■ Available data:

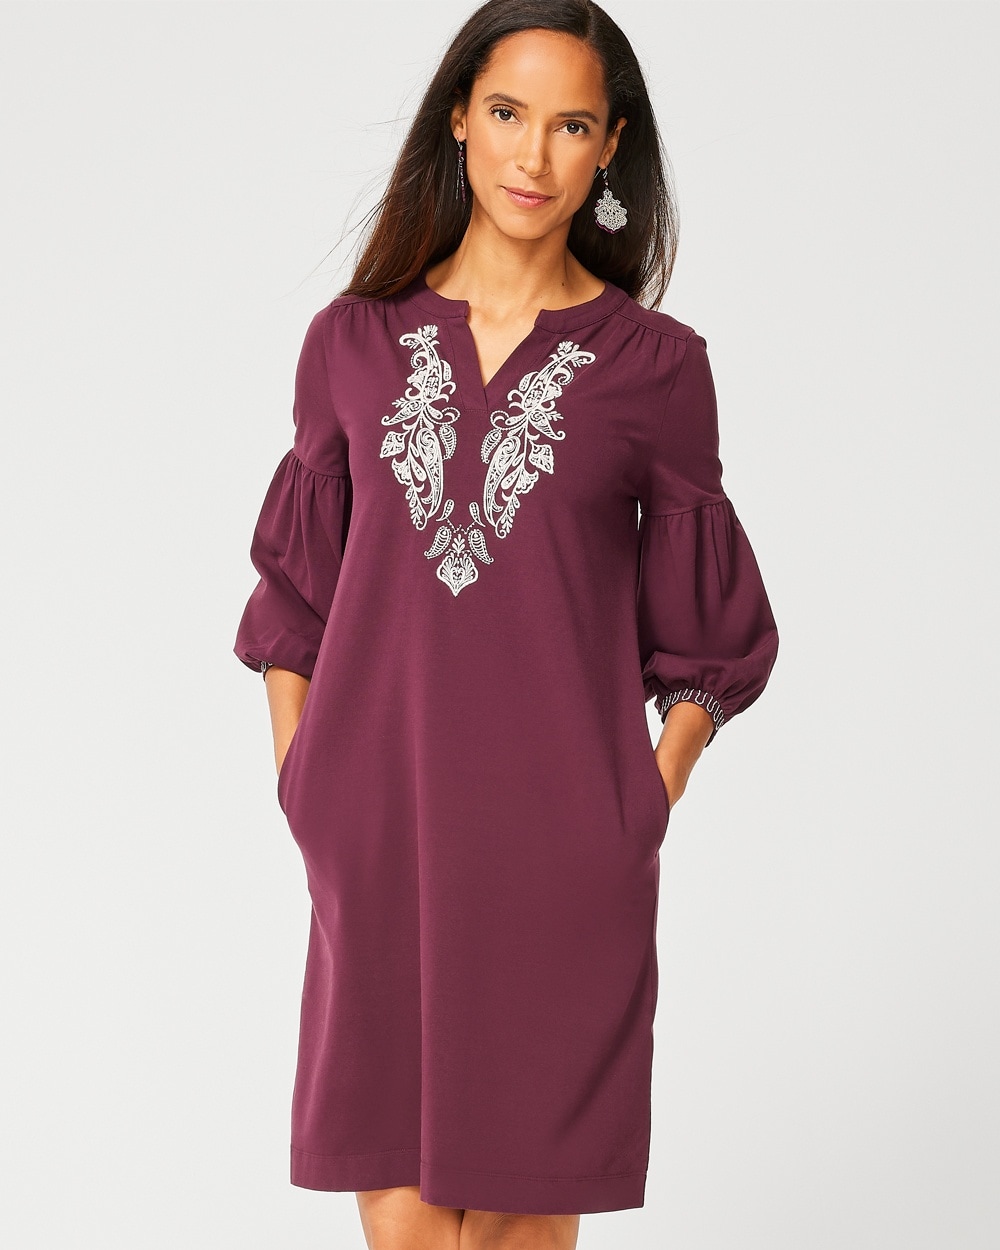 Paisley Placket Embroidered Dress
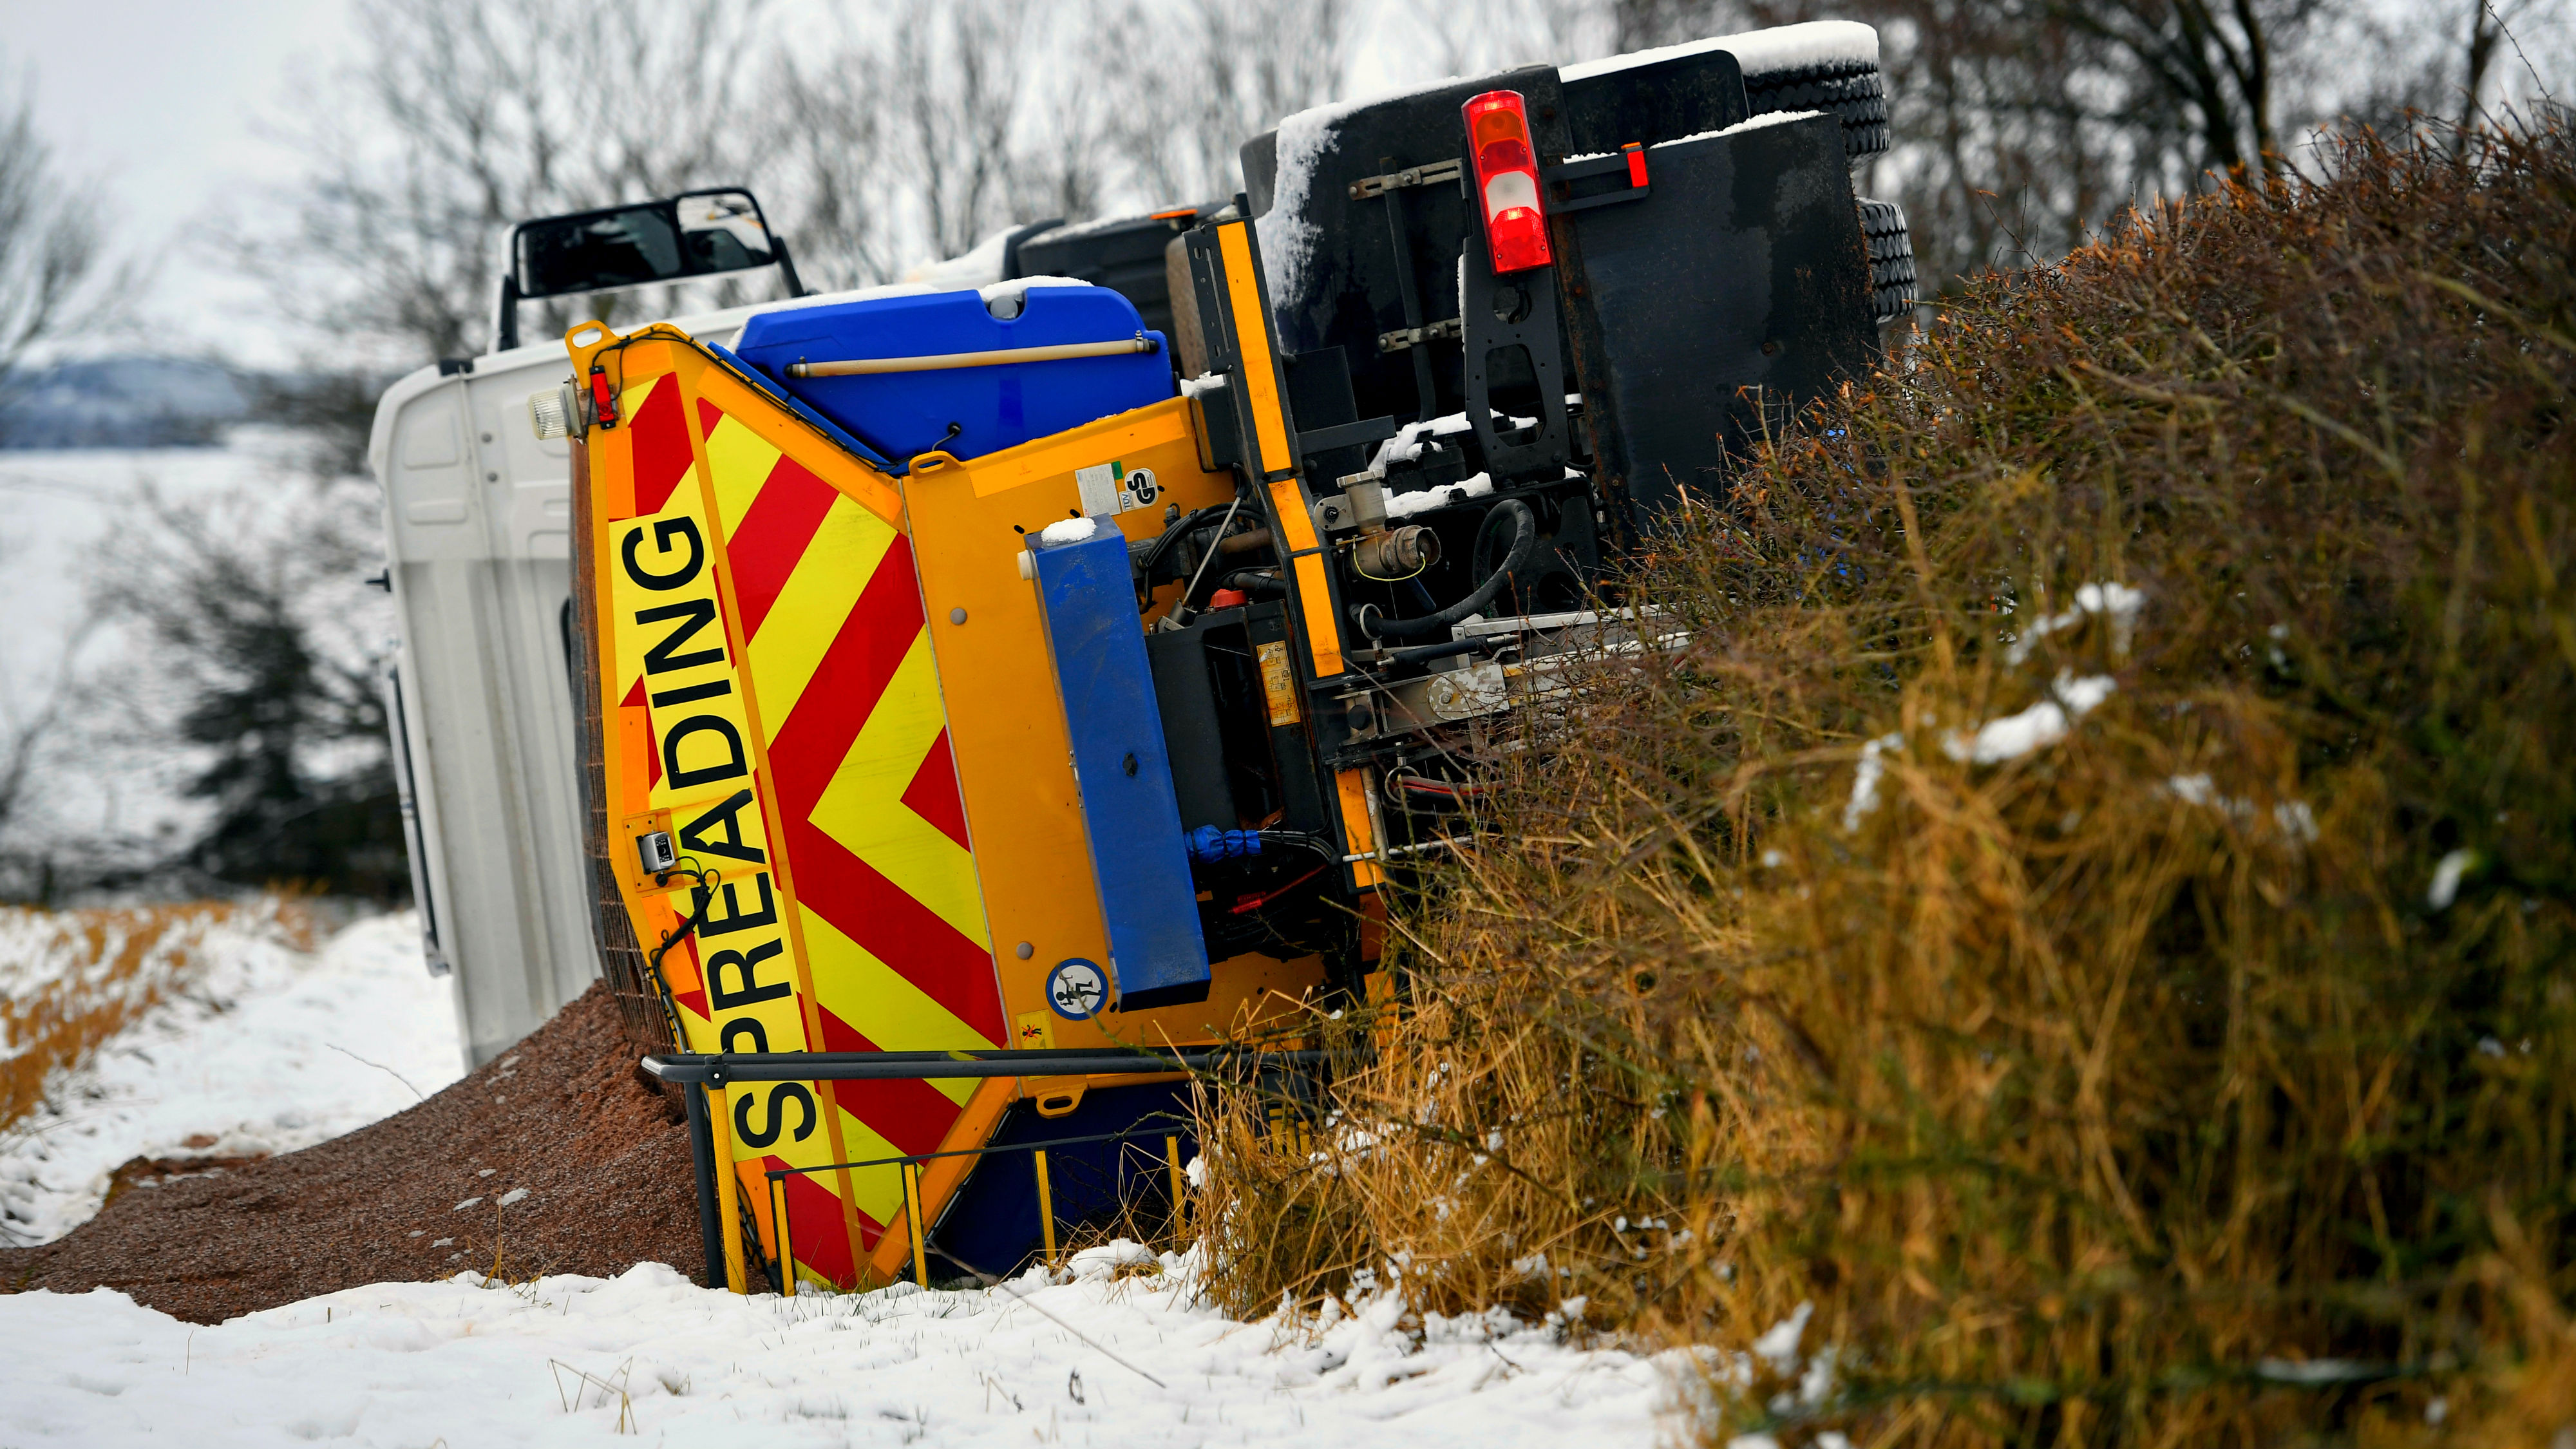 A gritting lorry overturns near Balfron, in Sterlingshire, as Storm Doris brings weather chaos to the UK
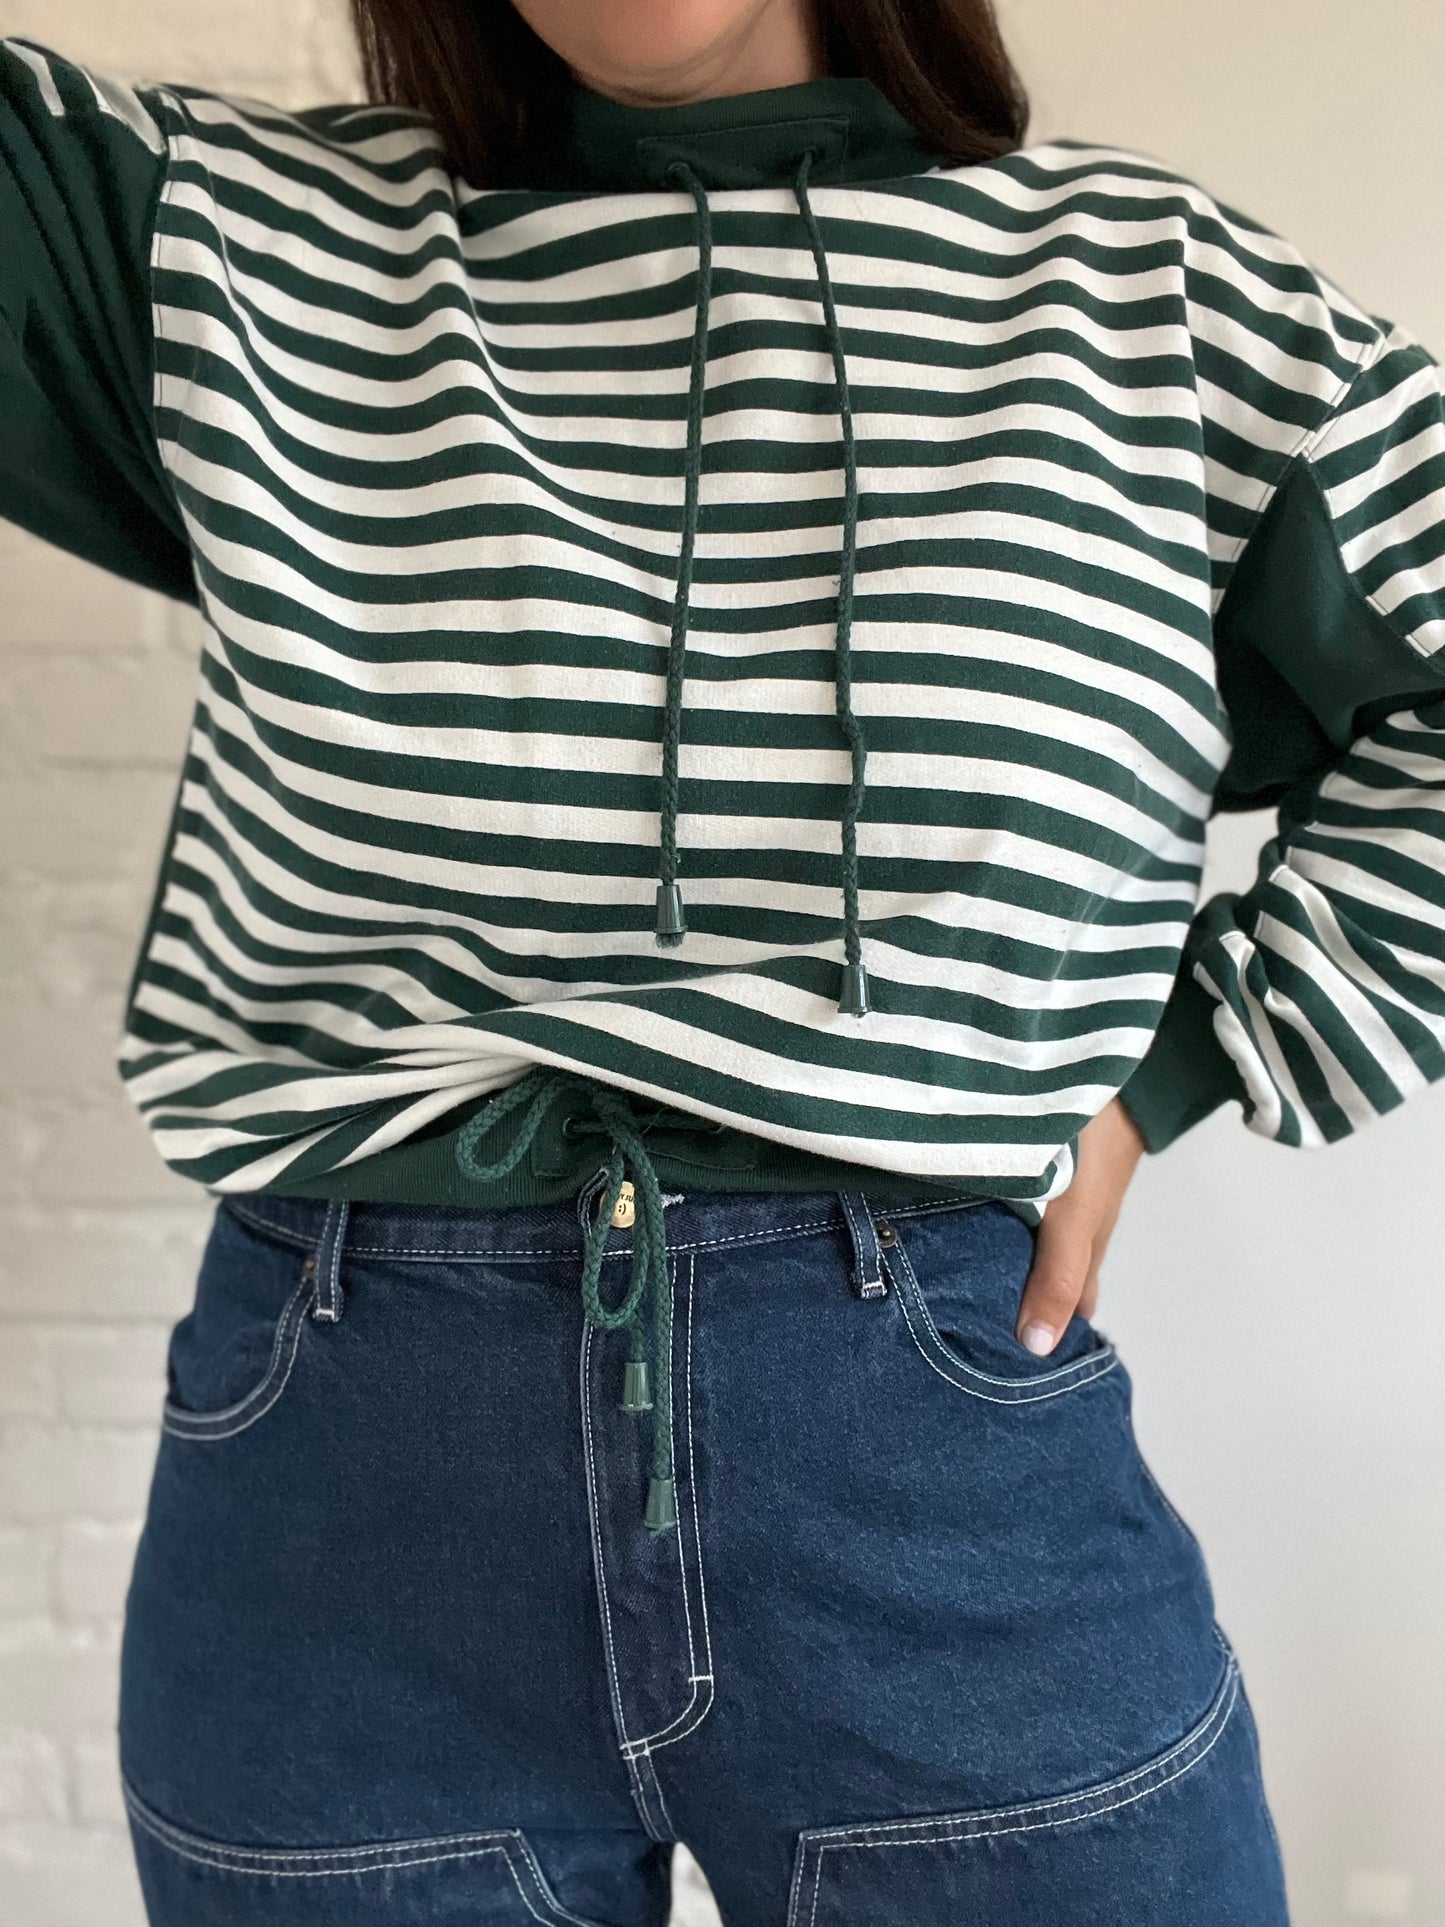 Striped Rugby Style Sweater - Size L

■ Action item: Once the images are removed, print the remaining data exactly as it appears above.

■ Answer box:
 Paisley Placket Embroidered Dress
 A gritting lorry overturns near Balfron, in Sterlingshire, as Storm Doris brings weather chaos to the UK
 Striped Rugby Style Sweater - Size L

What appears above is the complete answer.